Una ráfaga de aire frío surgió de la sala, con tal ímpetu que enmarañó el cabello de Caramon e hizo ondear la capa de la sacerdotisa. Durante unos segundos, ninguno atinó a moverse, sobrecogidos por la aureola de perversidad que escapaba de la cámara. Fue la sacerdotisa quien, con los dedos cerrados sobre el Medallón de Paladine, dio el primer paso.
—Yo tomaré la delantera —resolvió el hombretón, obligándola a retroceder.
—En cualquier otra circunstancia, guerrero —repuso la dama—, te concedería ese privilegio. Pero aquí mi talismán es un arma tan poderosa como tu acero.
—No precisáis ningún pertrecho —objetó el espectro—. El maestro nos dio órdenes concretas de custodiaros, y acataremos su voluntad.
—¿Y si ha muerto? —aventuró el humano, consciente de que su hipótesis provocaría, como así lo hizo, un espasmo de miedo en Crysania.
—Si hubiera muerto —contestó el interpelado con un siniestro brillo en sus ojos—, vuestra cálida sangre ya habría abandonado vuestras venas para alimentar las de los moradores de la Torre. Entrad, os lo ruego.
Vacilante, con la mujer apretujada en su flanco, Caramon penetró en el laboratorio. La sacerdotisa levantó la tea, y ambos hicieron un alto a fin de escrutar la estancia.
Olvidados sus temores, la dama apretó a correr seguida por el guerrero, que, más precavido, examinó antes la envolvente oscuridad. Raistlin yacía de costado, oculto el rostro bajo la capucha. El Bastón de Mago se hallaba a cierta distancia, extinguida su luz como si el nigromante, en un acceso de ira, lo hubiera arrojado contra el muro. En su accidentado vuelo, había volcado una redoma y arrastrado un volumen de artes arcanas.

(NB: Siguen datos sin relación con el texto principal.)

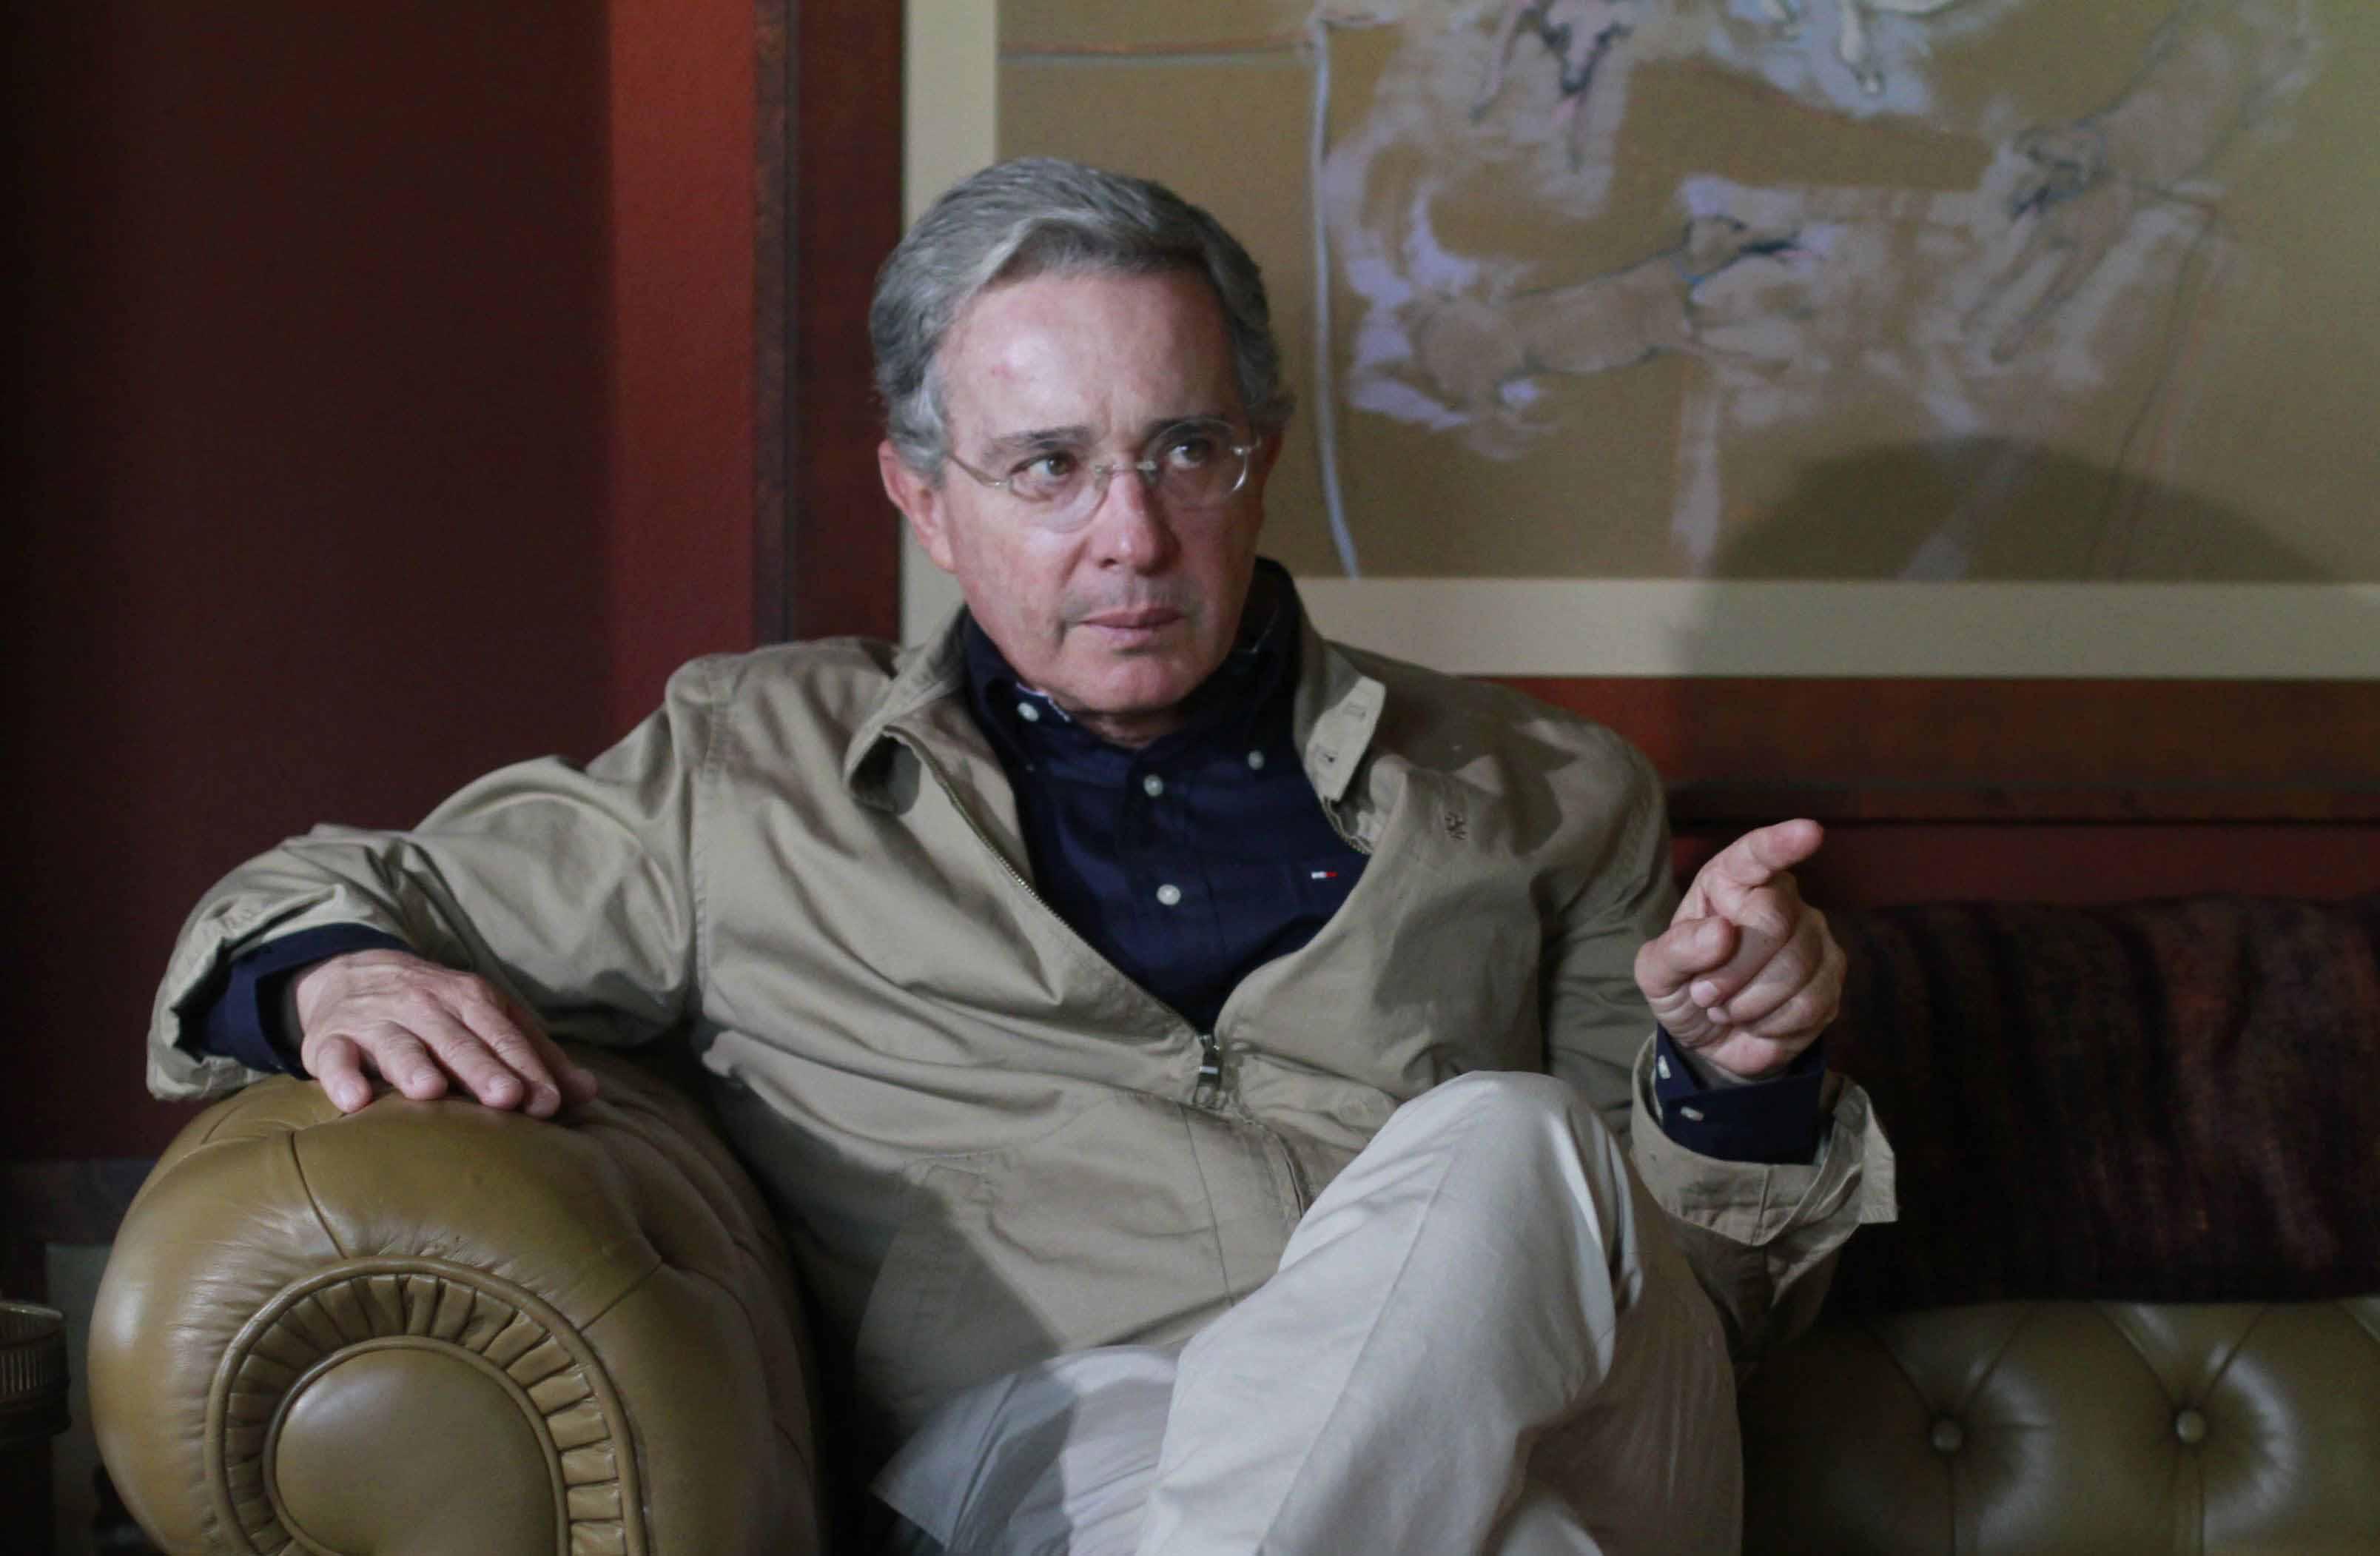 El grupo armado canceló el encuentro donde se discutirían las objeciones planteadas por la derecha radical liderada por Álvaro Uribe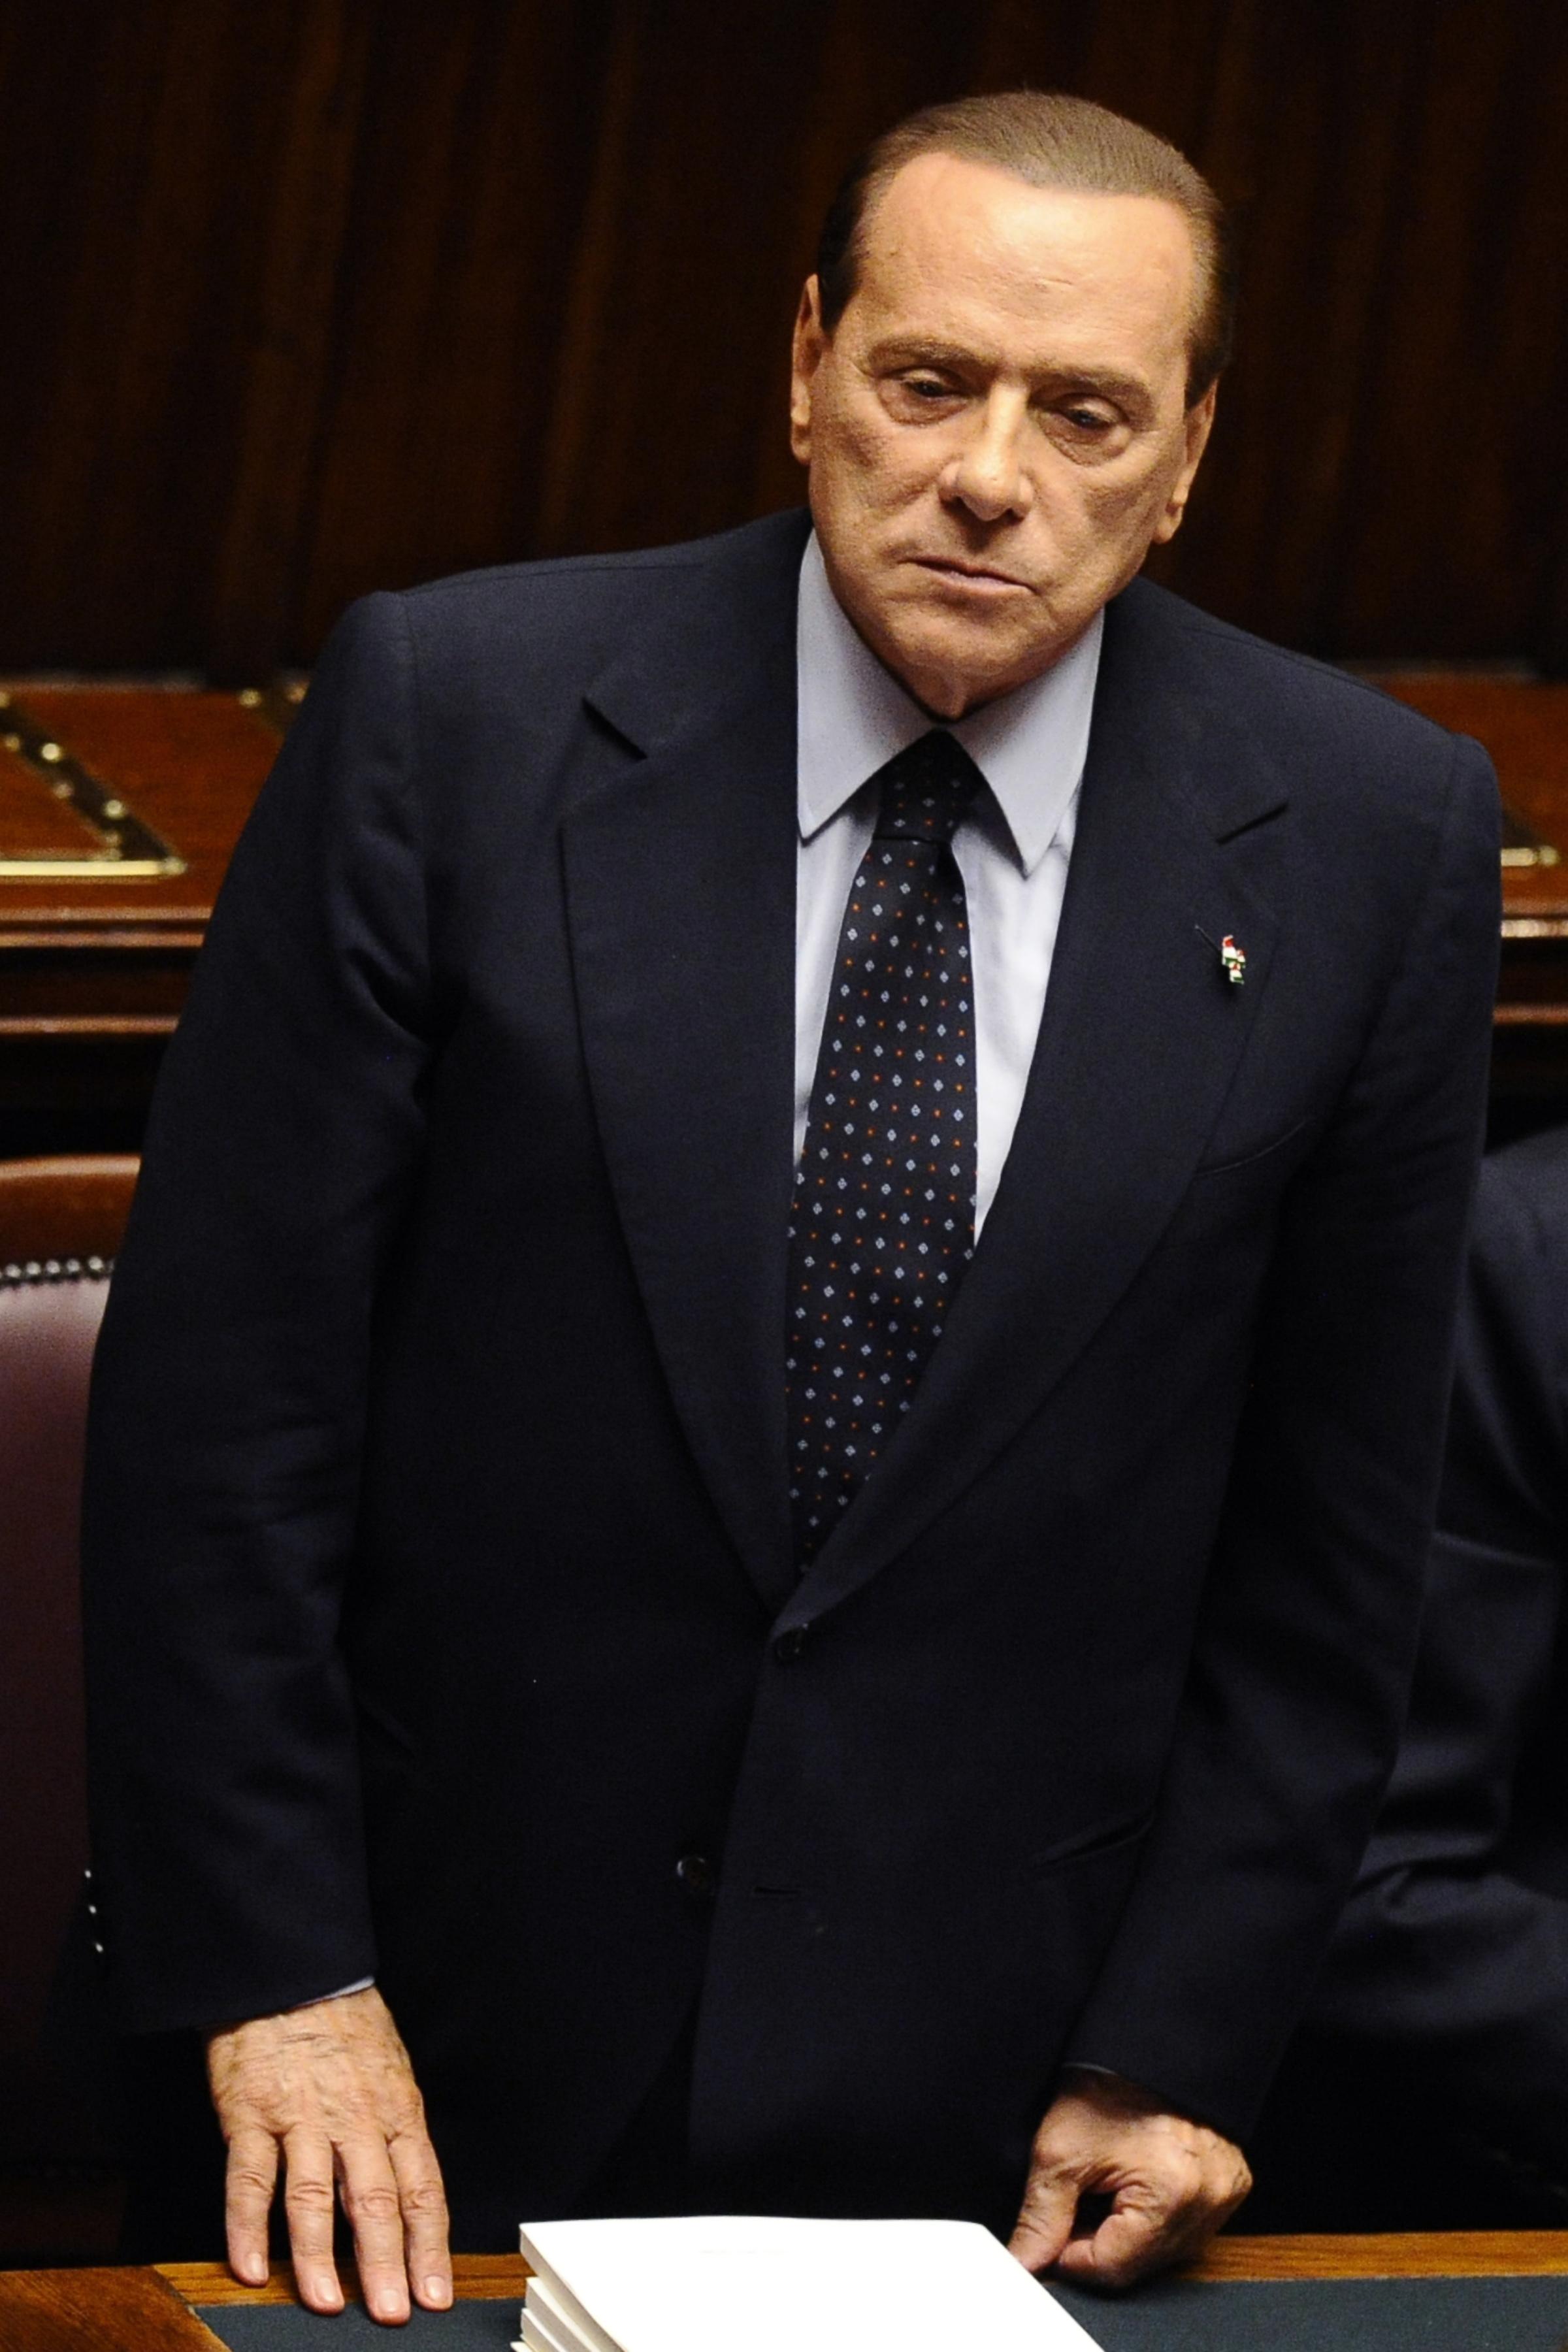 Премьер-министр Италии Сильвио Берлускони реагирует на заседании в парламенте по принятию пакета ключевых экономических реформ. 12 ноября 2011 года, Рим. В тот же день он ушел в отставку. Фото: Filippo Monteforte/Getty Images

Pasando la tea a su acompañante, que le había dado alcance, Crysania se arrodilló junto al inerte mago con la intención de tantearle el cuello. Halló unas palpitaciones débiles, arrítmicas, pero seguía vivo y este hecho le arrancó un suspiro de alivio.
—Está bien —anunció—. Pero entonces, ¿qué ha ocurrido?
—No ha sufrido heridas físicas —explicó la criatura de ultratumba, que revoloteaba sin tregua a su alrededor—. Vino a este rincón del laboratorio en busca de algo, un Portal a juzgar por las frases que farfullaba. Enarboló el cayado, alumbró la zona donde lo veis postrado y, transcurridos unos momentos de estupefacción, emitió el bramido que todos escuchamos. Se deshizo del bastón y se desplomó, exhalando dementes maldiciones hasta perder el sentido.